On my drive there I felt a certain sense of freedom and centeredness settle over me. Instead of operating from a place where things trouble me, I was operating from within the center of myself and my troubles sat on a shelf. I had a really good class. It was my favorite teacher, the class was a rhythmic meditation, the room was perfect and it was fun seeing all my yoga buddies again. Hooray for the time change.
On the drive home I decided today was a day to listen to my own heart. The word detach kept crossing my mind. Upon arriving home, I felt both wonderful and spent at the same time. A week’s worth of pent up tension and tight muscles from the gym were suddenly released. I settled down to read the paper and my stars today said:
“Don’t key into someone’s issue so much that you cannot see clearly. You want to distance yourself, perhaps not literally but possibly mentally. You need to relax. Choose a movie or go for a drive. Let your mind wander. Tonight: Don’t even think about tomorrow.”

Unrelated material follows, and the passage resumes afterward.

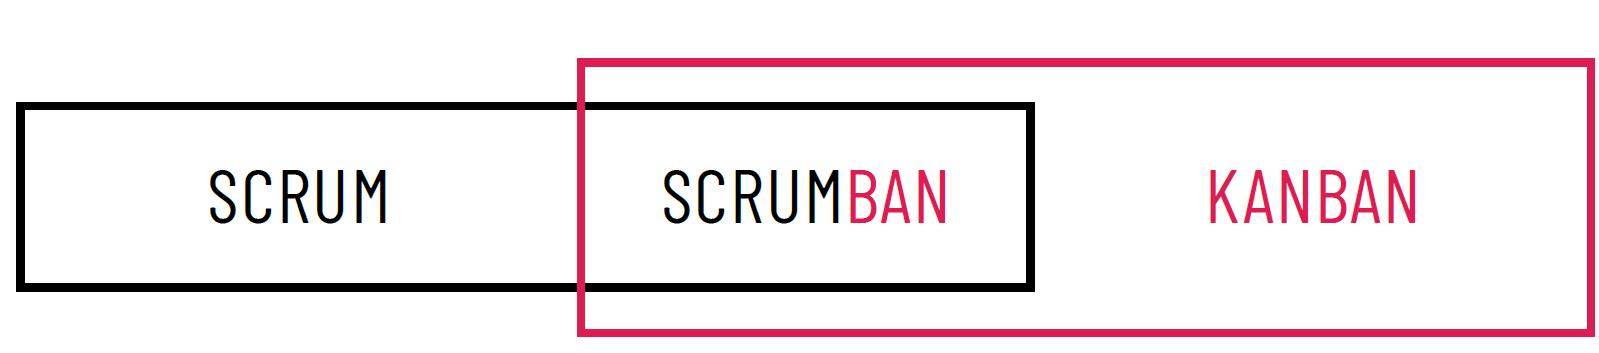 Scrumban

Today that’s exactly what I did. I paid attention to my stars, chose two football games and a nap, and had a lovely day apart from the world.
Sometimes we squint. Through our slits we try to think and solve and analyze until we become fatigued. Sometimes the best thing is to not squint, but to widen our focus, and to see with what is called “the heart’s eye”. Instead of squinting like a tiger and showing our claws, the thing that helps us most is the effort to enlarge and stay open. ~ Nepo
Today I felt that need to relax…and see with “the hearts eye”.

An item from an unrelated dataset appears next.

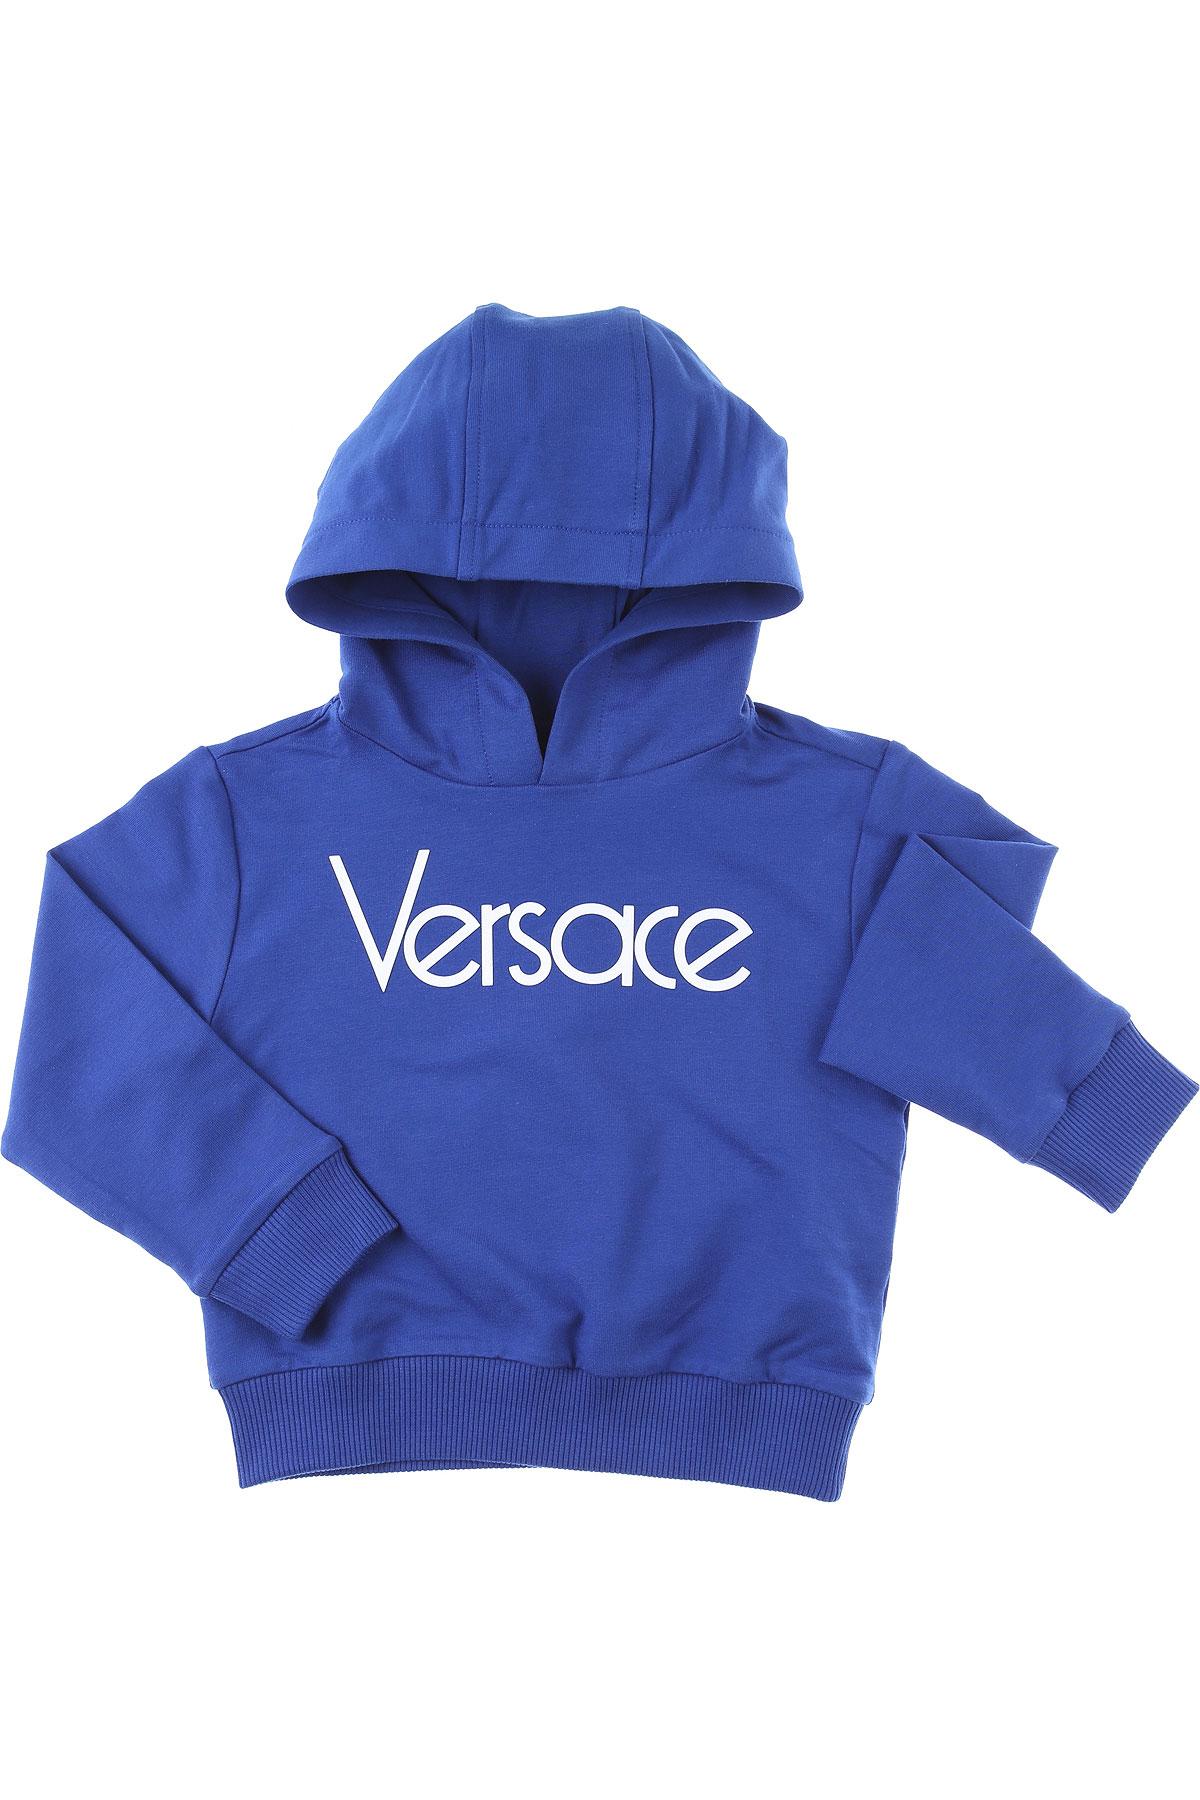 Versace Baby Sweatshirts & Hoodies for Boys On Sale, Blue, Cotton, 2019, 18M 24M 2Y 3Y

And so, as another day goes by, trubs most certainly belonged on shelf, I have listened, and… I have written.
November 5th, 2011 The wisdom waiting in what Churchill says is that we live like hungry fisherman: sewing and casting our nets, though we never really know what they will catch, never really know what will feed us until it is brought aboard. And the Buddhists say, to be a good fisherman, you must detach yourself from the dream of the fish. This makes whatever is caught or found a treasure.
My whole journey this year has really only been about one major thing that changed me as a person – surrendering and giving up all control to my higher power. This November’s listening exercise is teaching me about detaching from the dream of the fish in all aspects of my life, and relishing the surprises, rewards and treasures in the catch.
This summer I completed my manuscript for a children’s picture book, but was not ready or confident enough to share it at the conference I attended in August. I put it away. This fall another opportunity to share it and have my work critiqued presented itself. I just signed up, wrote out the check and mailed it without hesitation. I gave it to God and let Him take it where it should go. I detached from the dream of writing the book. After mailing the check, I forgot about it as the weeks went by. Then along about Wednesday, while I was in NY, it occurred to me the workshop was on Saturday. Really close. The nerves set in. No one has ever seen this manuscript outside of my husband, daughters, and maybe one friend. It’s a huge thing, as a writer, putting your work out there for critique for the first time. Last night at dinner, my friend Diane said she went to this particular workshop. She told me not to worry. She said they were a wonderful group of women and they would REALLY help me, and, above all, they were kind.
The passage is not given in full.